One of the important features of our solution is that our taxonomy system provides the ability for other systems to consume the taxonomy via an XML document. I’ll explore that a bit here.
Accessing the XML
Access to the XML document for the taxonomy is through a very simple means: a standard HTTP GET. The query string in the request can specify various parameters on the URL – effectively, a very simple web service. The types of parameters supported include:
- Identifying which classification is desired (default is to return all)
- Specifying the statuses of values to include (default will return all)
- Specifying the language to include (default returns English)
- Specifying the level of detail of interest (default returns the briefest format)

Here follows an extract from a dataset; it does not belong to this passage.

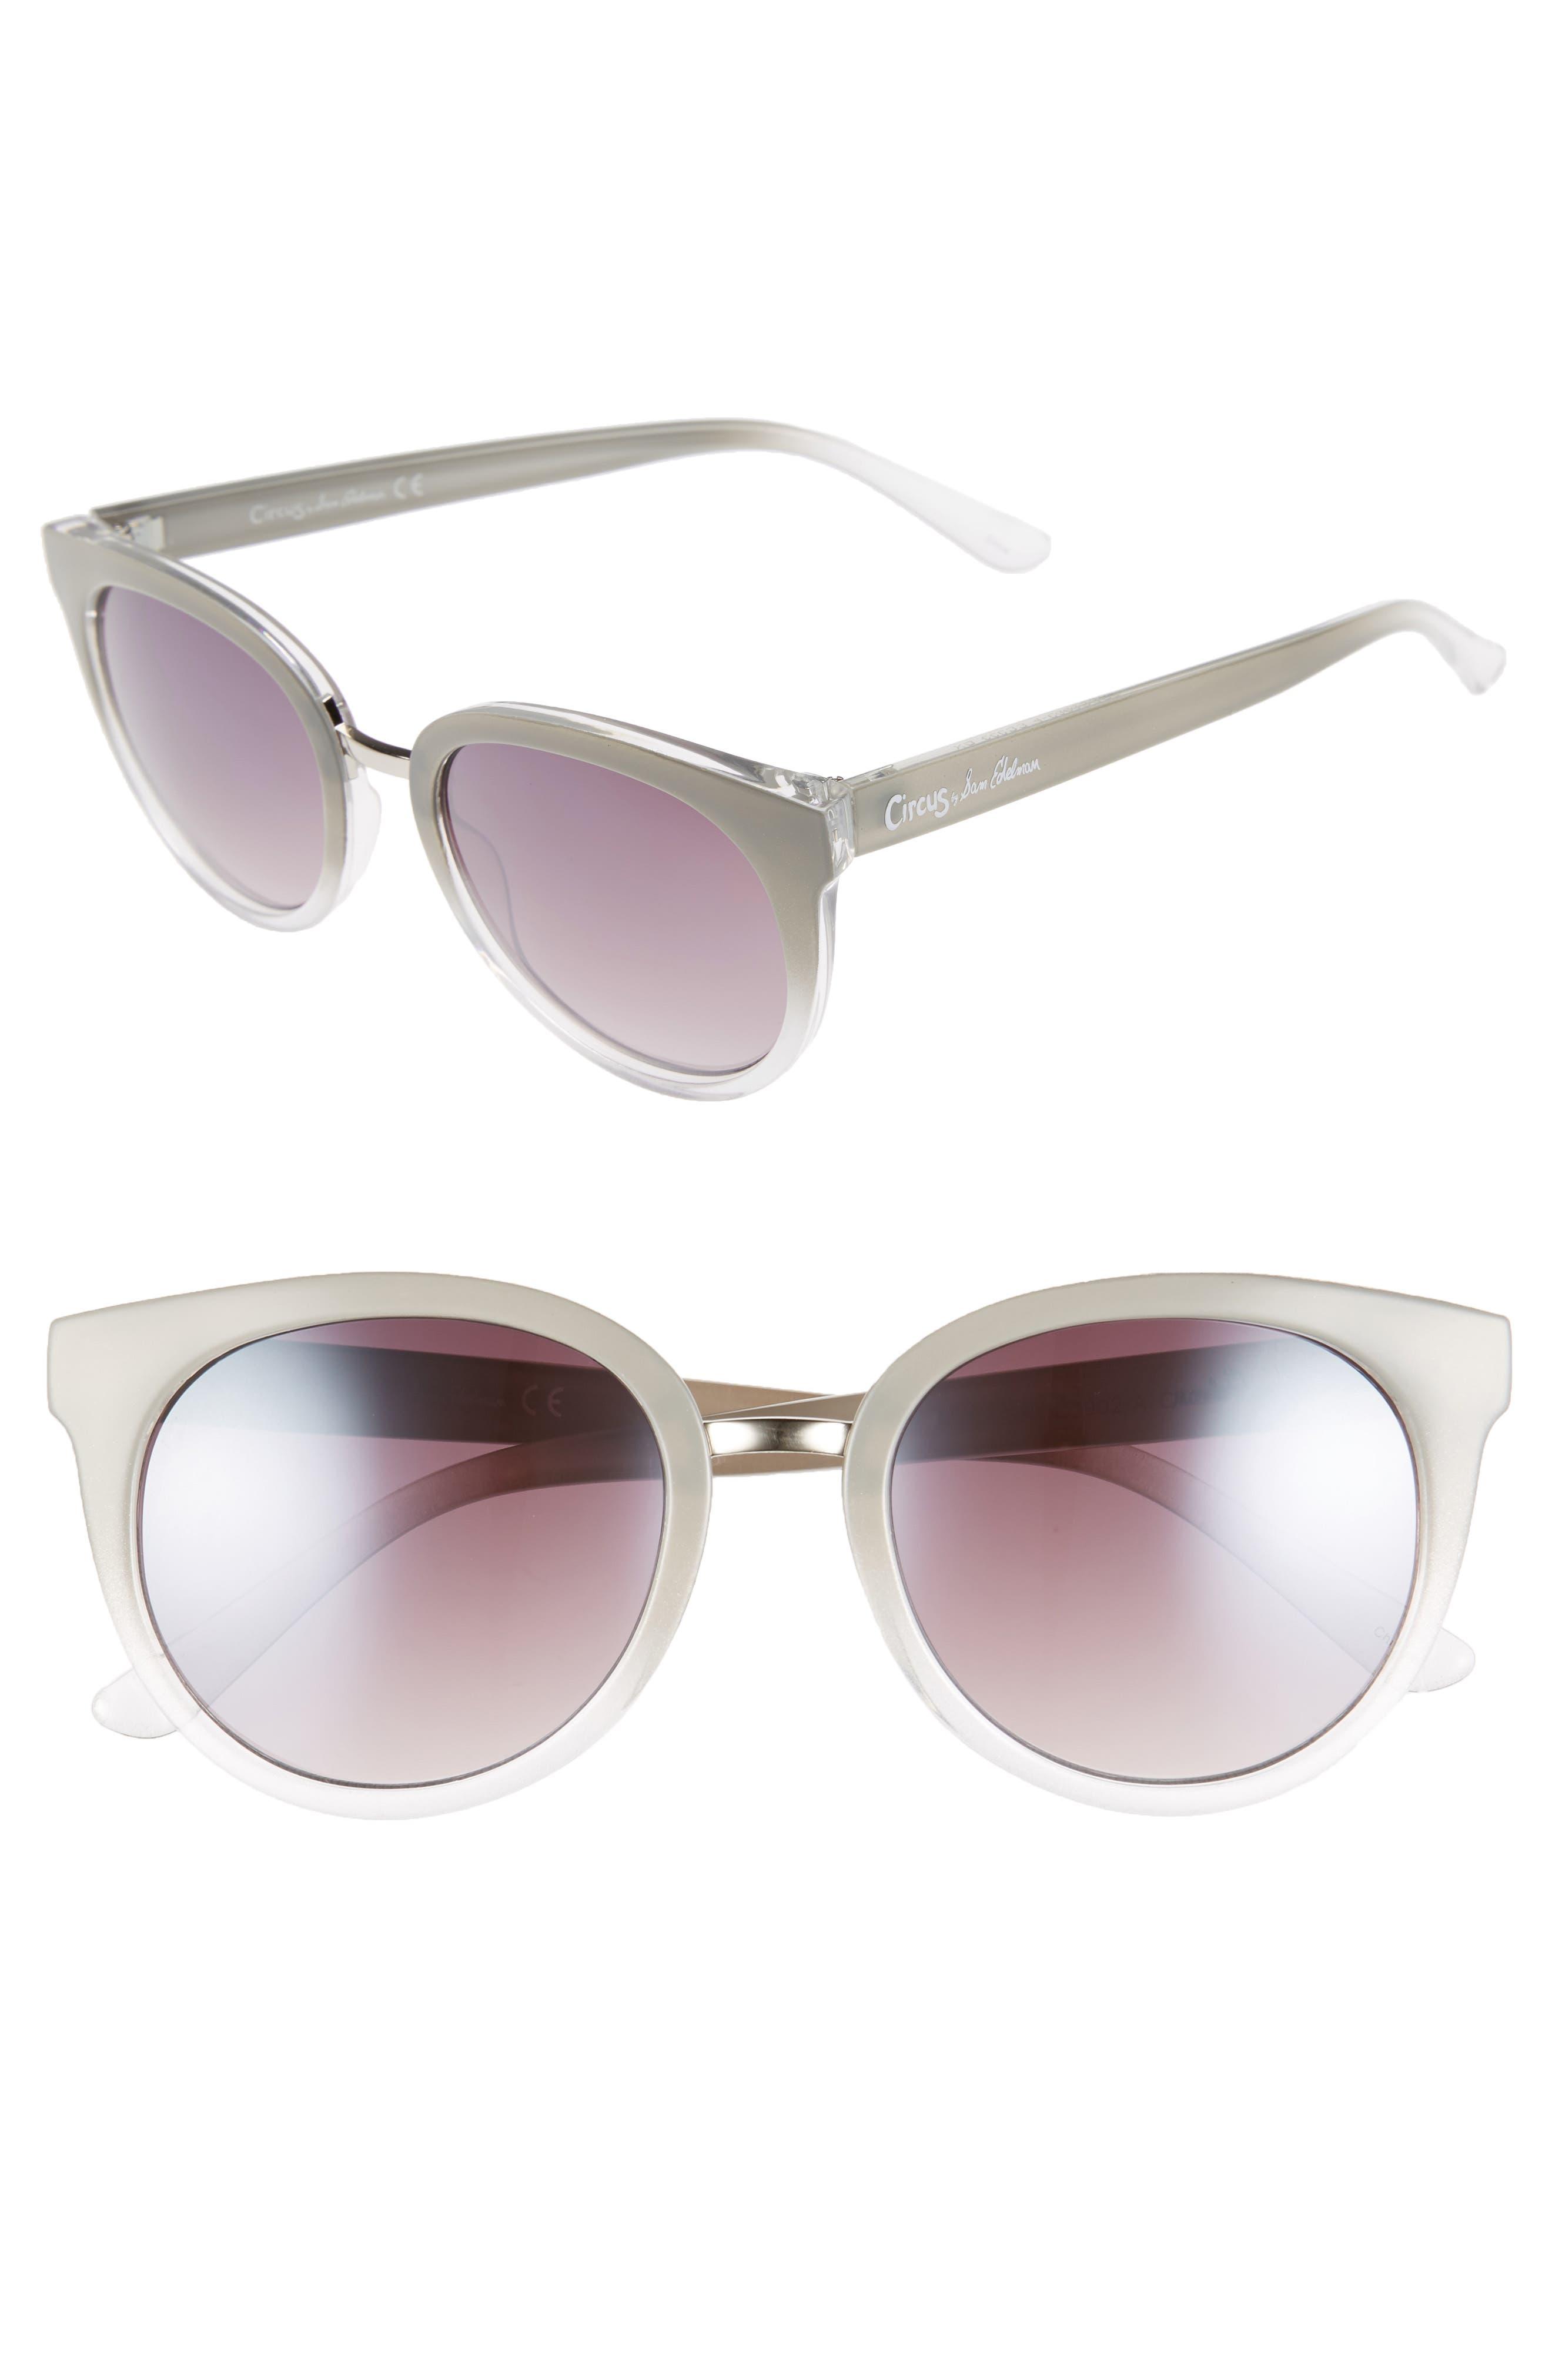 51mm Ombré Sunglasses,                             Main thumbnail 1, color,                             020

With regard to the language – one of the business rules followed in our web sites is that you provide content in the user’s selected language when available and return English when the user’s language is not available (English should always be available). This rule is pushed down into this interface at the level of each value. So a consuming application might request the set of German values for the taxonomy and get all of the classification details in German and, say, 99% of the values in German but if there are values that are not translated, those are returned in English. This approach keeps the taxonomy consistent with our general rules (though if taxonomy values are used directly in a user interface, it does present a possibly confusing same-page mix of non-English and English).
Document structure
The returned XML document looks like the following. I’m not using any formal XML schema syntax – instead showing the elements and how they relate to each other with a brief description of th elements that I don’t think are self-explanatory.
- taxonomy
- classification – has an attribute id (the ID of the classification)

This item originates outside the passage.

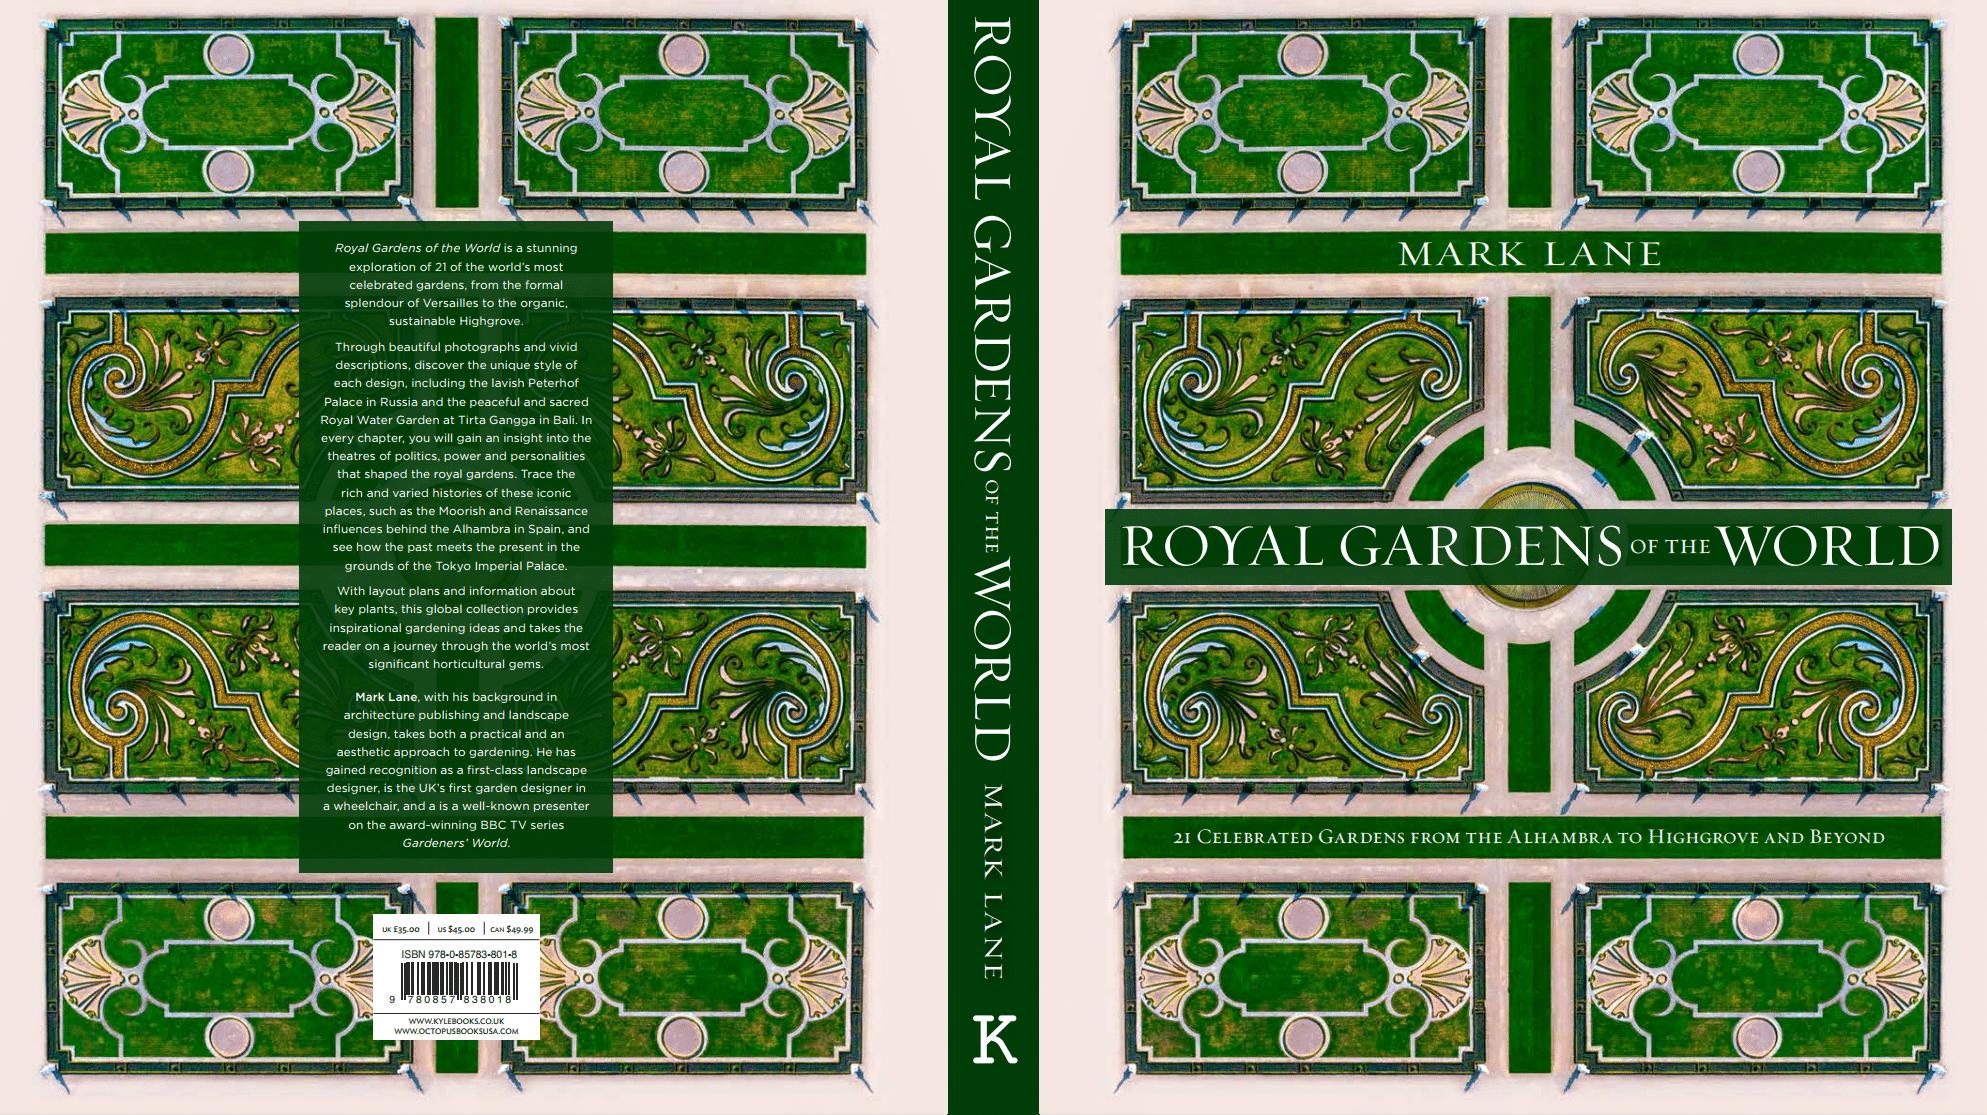 Royal Gardens of the World, Mark Lane, Kyle Books, Cover

- name – has an attribute lang (the language code describing the language of the name element)
- description – has an attribute lang (the language code describing the language of the description element)
- status
- createDate
- updateDate
- sourceSystem
- comments
- hasValues (a Y/N indicating if a consuming application should expect to find values in the values element)
- constrained (a Y/N indicating if a consuming application should enforce the rule that values for this classification must come from the list of values provided)
- multiValued (a Y/N indicating if a consuming application should allow multiple values be assigned for any given content piece)
- dataType
- changeHistory – an element with a sequence of elements, one for each auditable event in this item’s life history
- aliases – has attribute count (the number of alias elements included)
- alias – a structured element providing details on an alias
- levels – has an attribute count (the number of levels included)
- level – a structured element providing details on the level (omitted here)
- values – has an attribute count (the number of values included)
- value – has an atribute id (the ID of the value in the taxonomy system)
- name – has an attribute lang (the language code describing the language of the name element)
- description – has an attribute lang (the language code describing the language of the description element)
- status
- createDate
- updateDate
- sourceSystemId
- levelRef – attribute id (identifies the specific level [in the levels element above] with which this value is associated)
- aliases – attribute count (the number of aliases for this value)
- alias – a structured element providing details on an alias
- changeHistory – Same as for classification
- values – recursive structure reflecting hierarchy within a classification’s set of values
- value (etc.)
- value – has an atribute id (the ID of the value in the taxonomy system)
- classification – has an attribute id (the ID of the classification)
And that’s the schema. Looks complicated, but it’s really pretty simple, I think. The advantage of this has been that consuming applications do not need to directly access the database containing this (which would be pretty simple in principle) and so can be insulated from changes in the underlying structure of the database as we need to make them.
Providing access via an HTTP get keeps the technical cost minimal for consuming applications (they need to be able to read from an HTTP socket and then parse XML, both pretty standard functions in modern languages / libraries).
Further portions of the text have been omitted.